Arzi B, DuRaine G D, Lee C A, Huey D J, Borjesson D L, Murphy B G, Hu J C Y, Baumgarth N, Athanasiou K A
Department of Biomedical Engineering, University of California, Davis, CA, USA; Department of Surgical and Radiological Sciences, School of Veterinary Medicine, University of California, Davis, CA, USA.
Department of Biomedical Engineering, University of California, Davis, CA, USA.
Acta Biomater. 2015 Sep;23:72-81. doi: 10.1016/j.actbio.2015.05.025. Epub 2015 May 28.
The ability to repair damaged cartilage is a major goal of musculoskeletal tissue engineering. Allogeneic (same species, different individual) or xenogeneic (different species) sources can provide an attractive source of chondrocytes for cartilage tissue engineering, since autologous (same individual) cells are scarce. Immune rejection of non-autologous hyaline articular cartilage has seldom been considered due to the popular notion of "cartilage immunoprivilege". The objective of this study was to determine the suitability of allogeneic and xenogeneic engineered neocartilage tissue for cartilage repair. To address this, scaffold-free tissue engineered articular cartilage of syngeneic (same genetic background), allogeneic, and xenogeneic origin were implanted into two different locations of the rabbit knee (n=3 per group/location).

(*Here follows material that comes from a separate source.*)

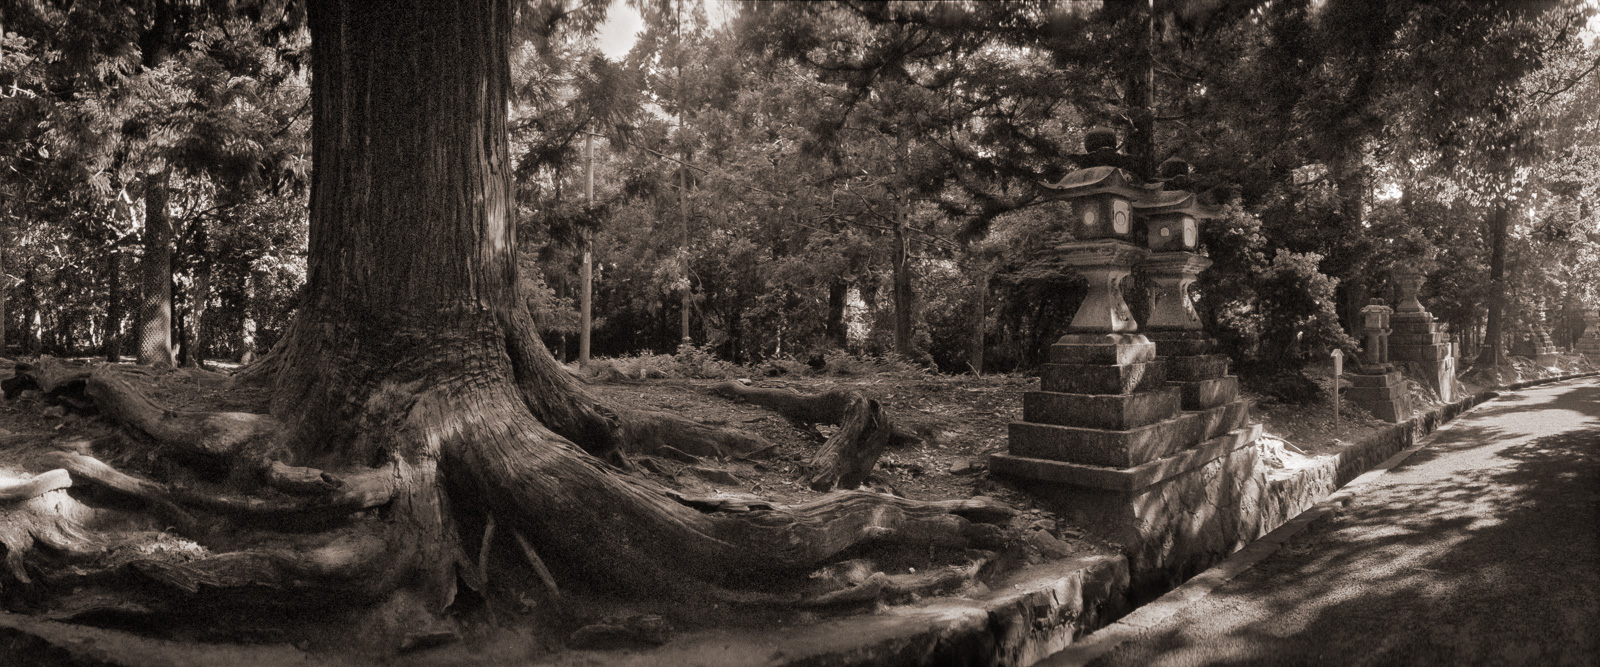 15-lanterns-and-tree-nara.jpg

Xenogeneic engineered cartilage and control xenogeneic chondral explants provoked profound innate inflammatory and adaptive cellular responses, regardless of transplant location. Cytological quantification of immune cells showed that, while allogeneic neocartilage elicited an immune response in the patella, negligible responses were observed when implanted into the trochlea; instead the responses were comparable to microfracture-treated empty defect controls. Allogeneic neocartilage survived within the trochlea implant site and demonstrated graft integration into the underlying bone. In conclusion, the knee joint cartilage does not represent an immune privileged site, strongly rejecting xenogeneic but not allogeneic chondrocytes in a location-dependent fashion. This difference in location-dependent survival of allogeneic tissue may be associated with proximity to the synovium.

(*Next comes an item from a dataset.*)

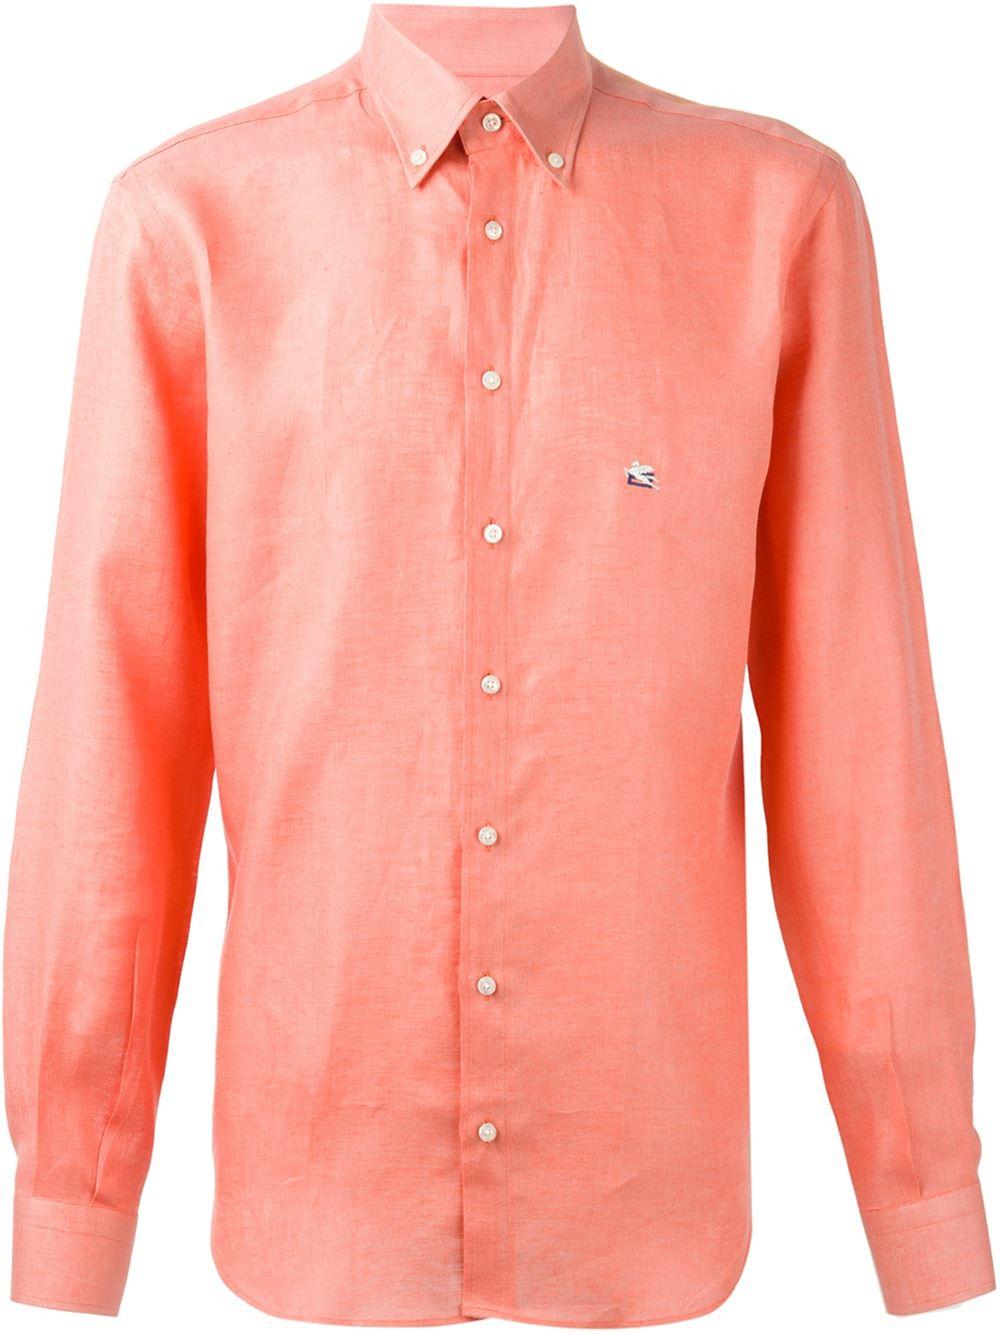 Etro Button Down Collar Shirt In Orange For Men Yellow

Through a series of in vivo studies this research demonstrates that articular cartilage is not fully immunoprivileged. In addition, we now show that anatomical location of the defect, even within the same joint compartment, strongly influences the degree of the resultant immune response. This is one of the first investigations to show that (1) immune tolerance to allogeneic tissue engineered cartilage and (2) subsequent implant survival are dependent on the implant location and proximity to the synovium.

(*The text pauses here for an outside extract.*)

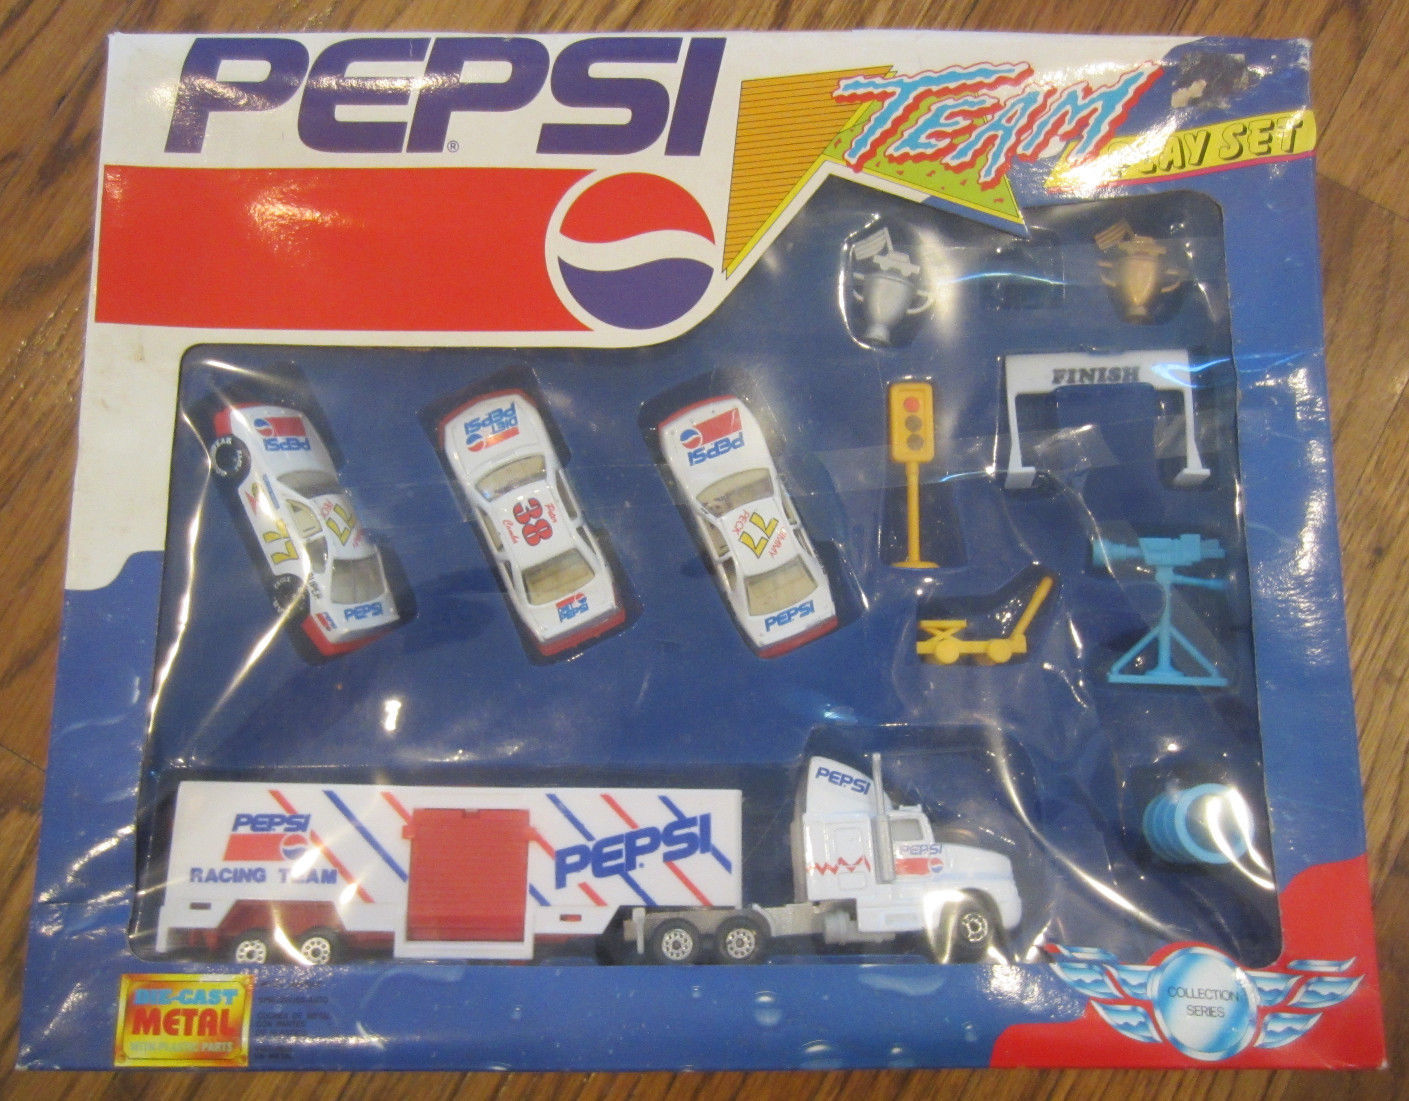 Vintage Pepsi-Cola Play Set Die-Cast Metal Cola Semi Truck Car Accessory box set

修复受损软骨的能力是肌肉骨骼组织工程的一个主要目标。同种异体(同一物种,不同个体)或异种(不同物种)来源可为软骨组织工程提供有吸引力的软骨细胞来源,因为自体(同一个体)细胞稀缺。由于“软骨免疫赦免”这一普遍观念,非自体透明关节软骨的免疫排斥很少被考虑。本研究的目的是确定同种异体和异种工程化新生软骨组织用于软骨修复的适用性。为解决这一问题,将同基因(相同遗传背景)、同种异体和异种来源的无支架组织工程关节软骨植入兔膝关节的两个不同部位(每组/每个部位n = 3)。无论移植位置如何,异种工程化软骨和对照异种软骨外植体都会引发强烈的先天性炎症和适应性细胞反应。免疫细胞的细胞学定量分析表明,虽然同种异体新生软骨在髌骨中引发了免疫反应,但植入滑车时观察到的反应可忽略不计;相反,其反应与微骨折治疗的空缺损对照相当。同种异体新生软骨在滑车植入部位存活,并显示移植物与下方骨整合。总之,膝关节软骨不代表免疫赦免部位,以位置依赖的方式强烈排斥异种但不排斥同种异体软骨细胞。同种异体组织在位置依赖的存活方面的这种差异可能与滑膜的接近程度有关。
通过一系列体内研究,本研究表明关节软骨并非完全免疫赦免。此外,我们现在表明,缺损的解剖位置,即使在同一关节腔内,也会强烈影响由此产生的免疫反应程度。这是首批表明(1)对同种异体组织工程软骨的免疫耐受性和(2)随后的植入物存活取决于植入位置和与滑膜的接近程度的研究之一。